According to a central banker, this is the best time to find the best means to tackle the next downturn as the economy of the United States is getting stronger with the inflation level getting close to the two percent target of the Federal Reserve, as the steady rate increases of the Fed is likely to have subtle impact on growth in the latter part of the coming year. In his address prepared to be delivered in London, the Chicago Federal Reserve Bank President, Charles Evans confirmed that there is a need to make plans ahead of time. It has been confirmed that fundamental changes in the economy since the outbreak of the financial crisis suggests that there is no need for the rates to be increased to their previous points in order to have a braking impact on the economy.
This is a sign that there will not be enough room to reduce the interest rates to ensure the stimulation of the economy when the next downturn happens, and the Fed might be compelled to apply controversial devices such as bond purchase to drive growth. According to Evans, he said that this is the best time to take a critical look at whether and how the strategic monetary policy framework of the Fed could be altered to tackle these problems. The Fed has been faced with immense pressure to provide a new policy framework as it started the process of increasing rates. The Fed Chair, Jerome Powell has continually avoided public debate sittings in a bid to evade questions regarding what could happen next, and it is not clear if he will be disposed to an idea of re-strategizing policy.

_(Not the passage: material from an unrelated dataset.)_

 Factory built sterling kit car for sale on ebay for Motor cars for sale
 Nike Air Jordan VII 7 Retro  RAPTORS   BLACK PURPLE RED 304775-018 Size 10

On Wednesday, Evans highlighted some possibilities such as increasing the inflation target to four percent or applying price-level targeting; a strategy which the central bank permits the inflation level to increase beyond the target for extended time during a recovery to compensate for the long periods of below-target inflation during a recession. However, he said the application of the strategy could cause trouble in reality as the public has low tolerance for high inflation.
Evans opined that in a bid to achieve our maximum employment and inflation targets, it might need some long periods of strong monetary policy accommodation which could be inimical to financial stability. He said it is crucial to ensure these factors are considered in the assessment of a new framework.
On a final note, the Fed should also keep its present framework in one piece, as it is better to keep strengthening it with small modifications rather than changing it. Evans said there is a need to remember that the major benchmark is the ability to ensure the mandated policy goals are delivered, especially when we are faced with the scenario of staying with our present framework or changing it.